Tested with latest P4 plugin (1.11.4) and the issue is reproducible 100% in our environment.
This issue seems very similar to https://issues.jenkins.io/browse/JENKINS-37487 which has been marked as resolved.
Could you please help fixing the issue?
[Pipeline] End of Pipeline ERROR: P4: Task Exception: java.io.IOException: Unable to delete file: C:\Jenkins\workspace\Vulcan\1.7\Unity_2 Finished: FAILURE
thanks a lot,
Marius
[JENKINS-65418] Cancelling p4 sync results in locked files
We don't have a specific need for this feature, but it may happens sometimes people realize they start the job with wrong parameters and they try to cancel the job right away.
It happened serveral times before and only by restarting the jenkins service we can fix it (which can be a problem, if we have builds that are running - some of them take hours to complete).
Hence, the need to have this fixed.
Regarding your other question, the sync is not on a big file, but it's a rather large repo (see below)
13:01:28 P4 Task: syncing files at change: 41019
13:01:28 (p4):cmd:... p4 sync -p -q C:\Jenkins\workspace\Vulcan\1.7\Unity/...@41019
13:01:29 ... totalFileSize 20500235028
13:01:29 ... totalFileCount 36087
13:01:29
13:01:29 ... totalFileSize 20500235028
13:01:29 ... totalFileCount 36087
Hi maneamarius,
Thanks for the information. I'll try and repro this here and will let you know if I can.

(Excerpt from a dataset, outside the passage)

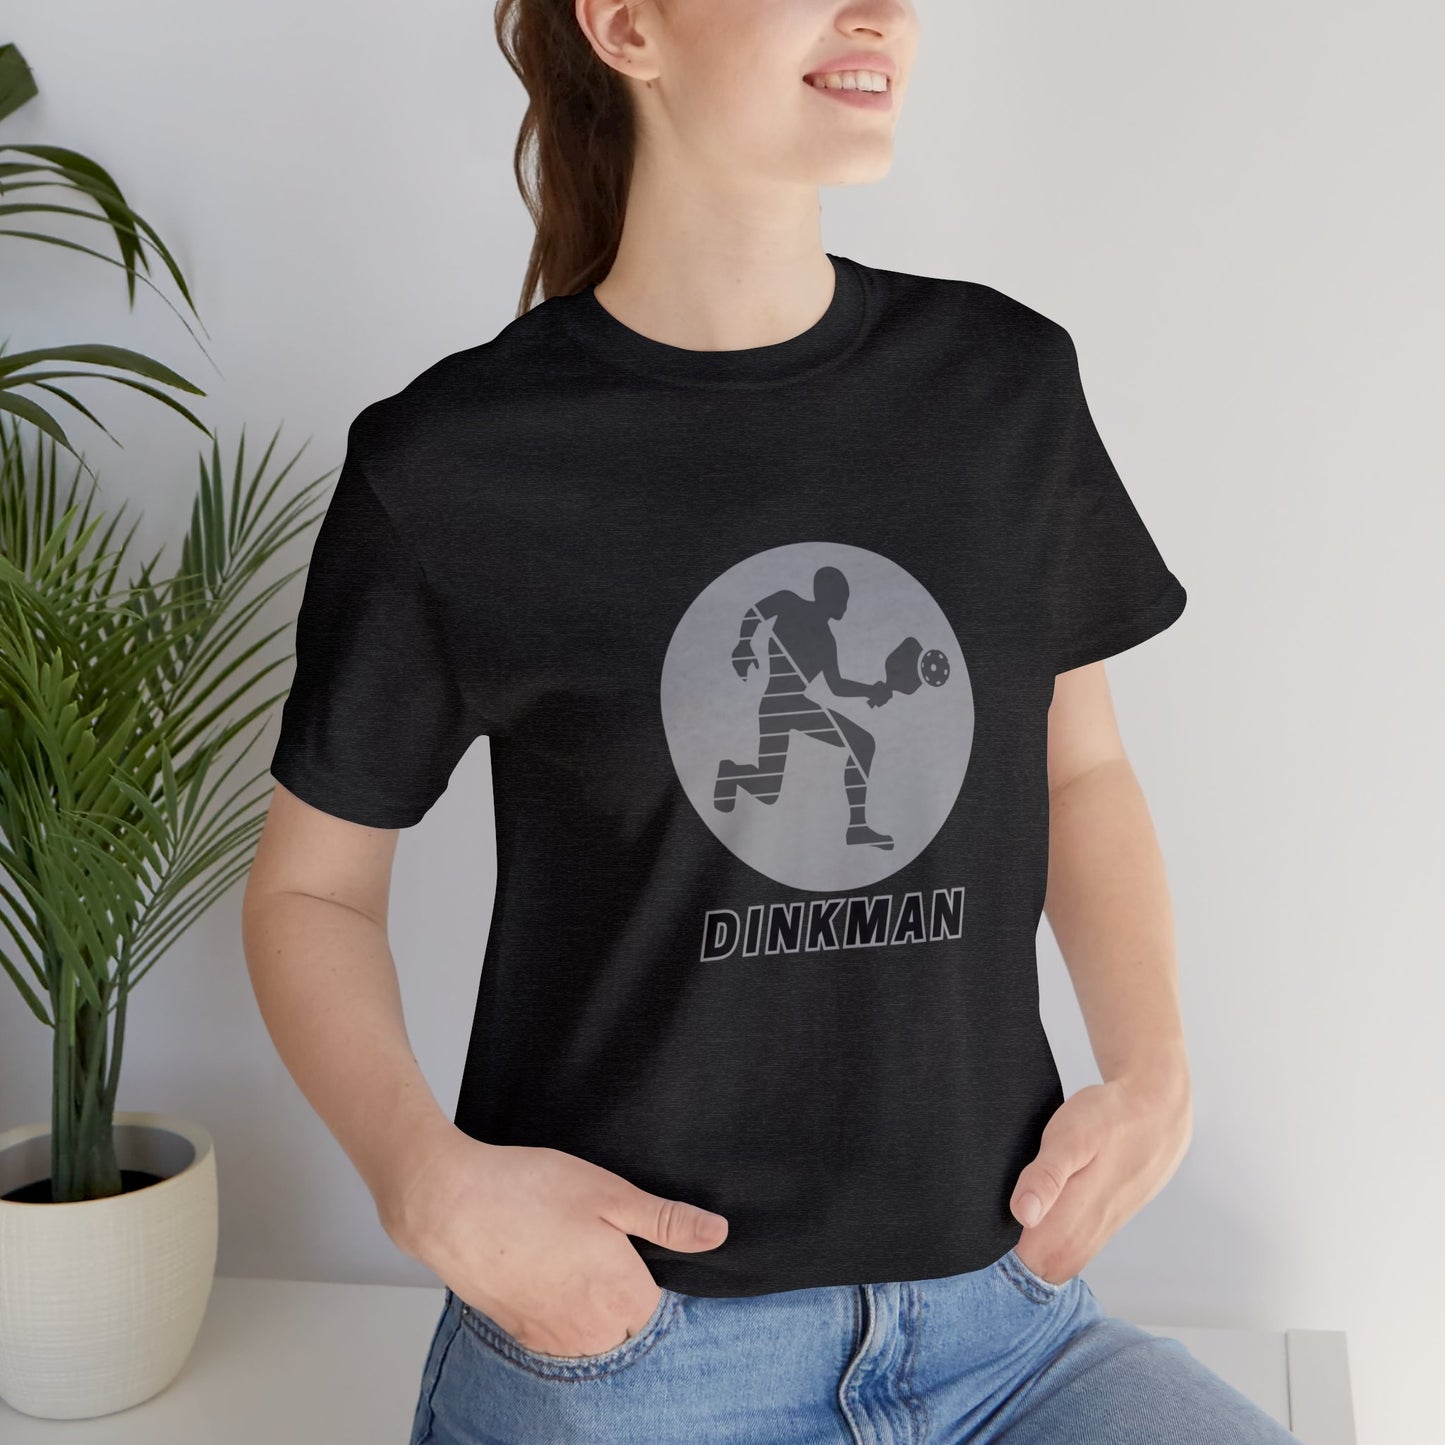 Pickleball Sports, Dinkman- Adult, Regular Fit, Soft Cotton, Smaller Size Image T-shirt

Easily able to reproduce this.
(1) Point at P4D server with millions of files.
(2) Start any job with a forced Sync using a Windows slave.
(3) Click the red abort icon.
(4) Try to delete the workspace folder get an error that a file is locked.

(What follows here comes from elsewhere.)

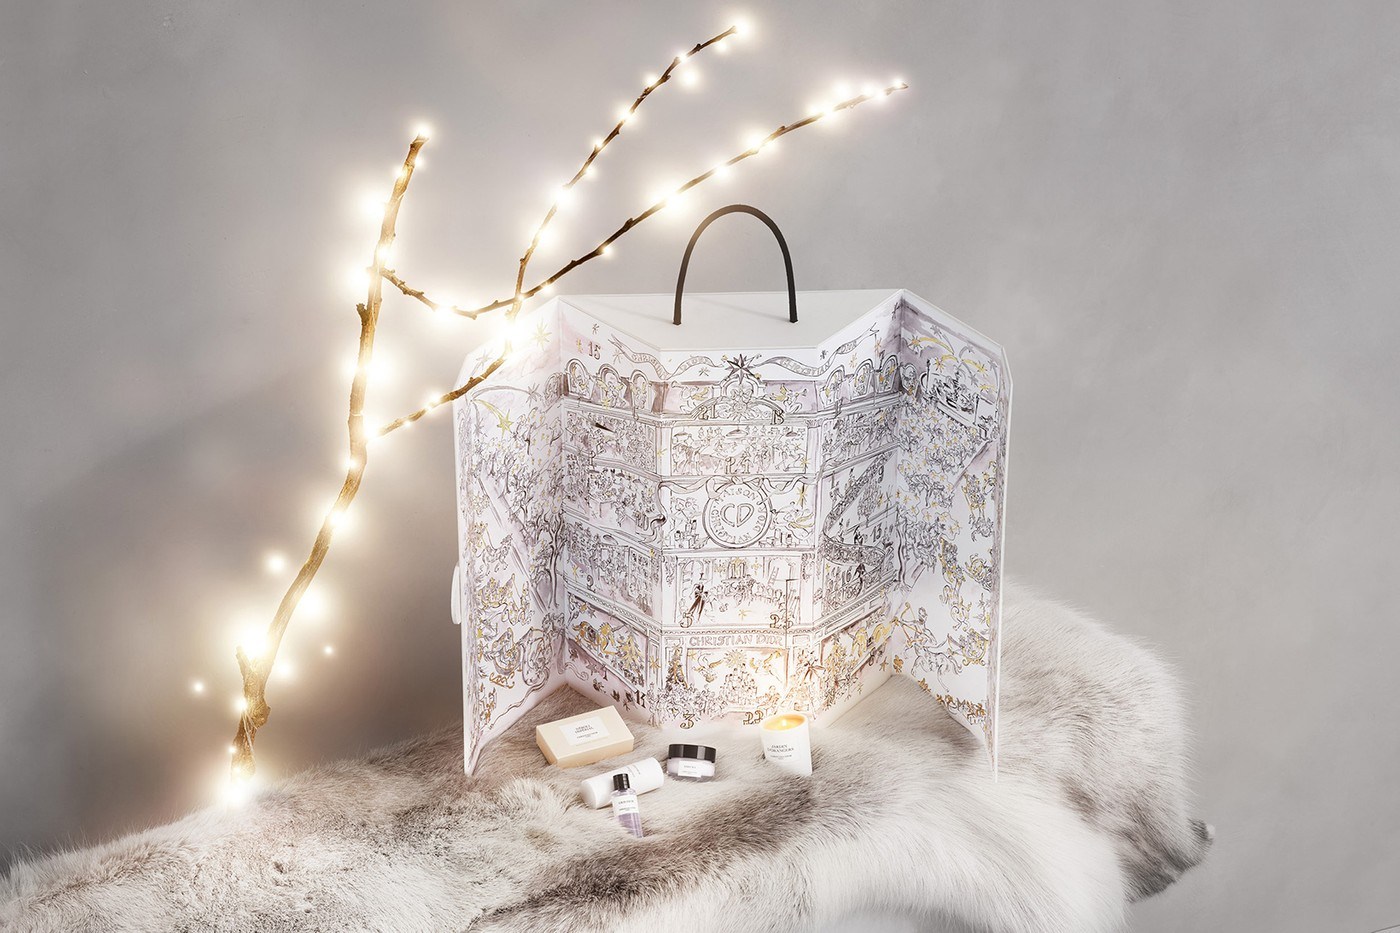 Maison Christian Dior 推出圣诞倒数月历及家居限定商品

(5) Use the 'SysInternals' program 'handle' shows the file that is locked:
Hi maneamarius
Thanks for again highlighting this. I was easily able to reproduce it so have marked it for the developers to review during their next sprint planning sessions. I dont know when this will be.
Regards.
Karl
Hey Karl,
Thanks a lot for helping out!
I look forward to hearing from you soon, regarding a fix
have a great weekend,
Marius
Hey Karl,
Just checking if you have any updates on this?
thanks a lot,
Marius
Hi maneamarius - The developers looked at the code and could see that we tear down the connection correctly so the hypothesis is that this is a Windows JVM or P4Java problem. They asked me to do some extra testing that I just finished and the results are below.
Realistically I dont expect a fix for this until at least the summer. However if this starts to become a recurrent problem please let me know.
For developers:
(1) In my testing it takes approx 7 minutes for the lock to be released on my test system (Windows 10, java version "1.8.0_261").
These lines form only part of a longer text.